Positioned directly above the solot,the absolute base tier of the economy, the att maintained a fixed value equivalent to exactly 1/64 of a standard silver baht (historically referred to in English diplomatic and trade accounts as the tical).

== History ==

=== Early Substitutes ===
Before industrialized minting, transactions corresponding to the value of an att were largely settled using imported cowrie shells (bia), with roughly 100 to 200 shells equalling one att depending on market supply. For fixed metal denominations, the state relied on hand-poured clay, lead, or pewter tokens known as prak or phi, often issued by local gambling houses (rong huai) to facilitate micro-commerce.

=== Transition to Machine-Struck Coinage ===
Following the signature of the Bowring Treaty in 1855, the rapid commercialization of Bangkok's port necessitated a massive, standardized volume of low-denomination physical currency. The traditional hand-stamped manufacturing of bullet money (pod duang) proved structurally incapable of keeping pace.

1. The Tin-Pewter Era (Rama IV): Around 1862, King Mongkut (Rama IV) established the first mechanical minting facility within the Grand Palace. The early flat att pieces were struck from a locally sourced tin and lead alloy. These pieces featured the Royal Crown on the obverse and an elephant within a multi-pointed star wheel (Chakra) on the reverse. However, the soft alloy degraded rapidly under circulation wear and tropical conditions.
2. The Copper Era (Rama V): To remedy the durability problems of tin coinage, King Chulalongkorn (Rama V) modernized production by securing contracts with European institutions.
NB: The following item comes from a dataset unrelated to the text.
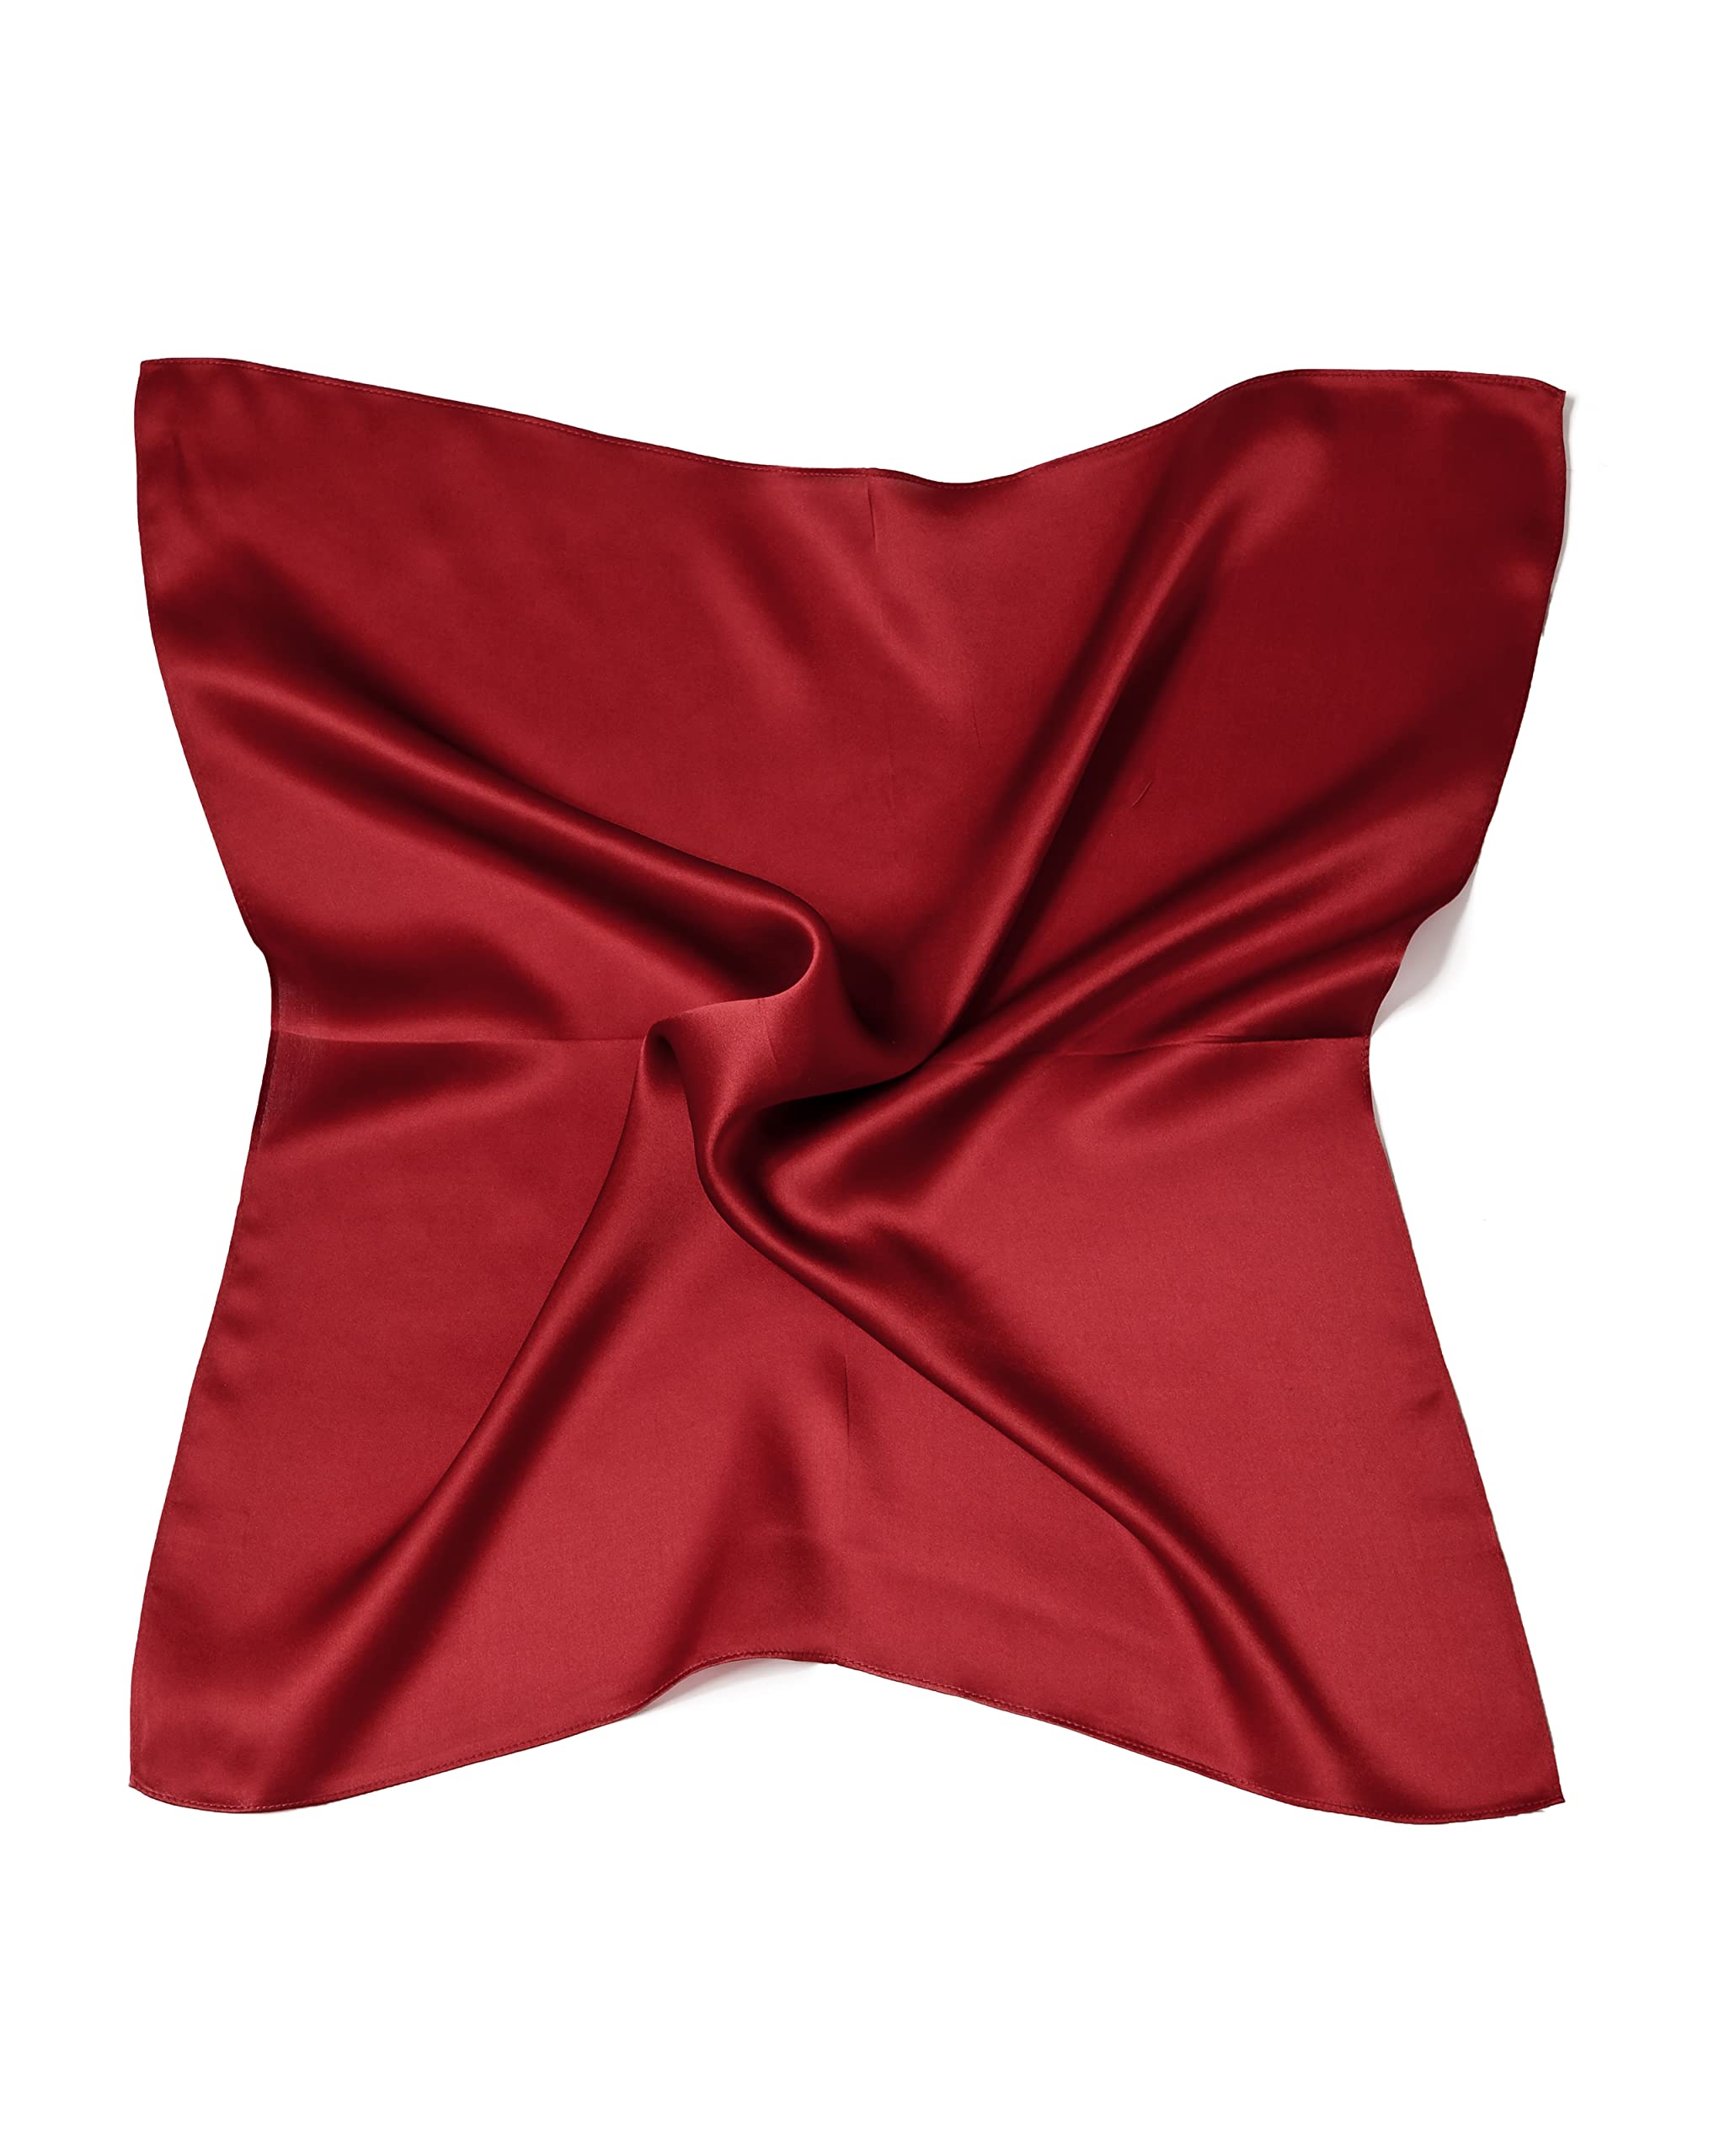 MayTree Seidentuch, buntes Halstuch für Damen, Nickituch aus 100% Maulbeer-Seide, quadratisch einfarbig 53x53 kirsch rot

The state transitioned to durable copper blanks outsourced to the Heaton Mint in Great Britain and later the Hamburg Mint in Germany.

== Design ==
Numismatists isolate two primary definitive series for the machine-struck copper att coins issued during the reign of King Chulalongkorn:

=== The Chulalongkorn Monogram Series (1874–1883) ===
Struck primarily in Birmingham, this series prioritized royal heraldry over portraiture to conform with traditional Siamese taboos against depicting the monarch's likeness on common items:

- Obverse: Features the stylized Royal Cipher of King Rama V, containing the interlocking Thai characters จปร (Chulalongkorn Paramin R), surmounted by the Great Crown of Victory (Phra Maha Phichai Mongkut).
- Reverse: Features the explicit textual value inscription อัฐ ๘ อันเฟื้อง (Att, 8 pieces [equal] a Fueang). The text is elegantly framed by a woven botanical wreath composed of Cassia javanica (Java cassia) foliage and ears of rice.
- Dating: Coins from this minting period bear traditional numbers from the Chula Sakarat (CS) civil calendar, with the most common issues stamped with the years ๑๒๓๖ (CS 1236 / 1874 CE) and ๑๒๔๔ (CS 1244 / 1882 CE).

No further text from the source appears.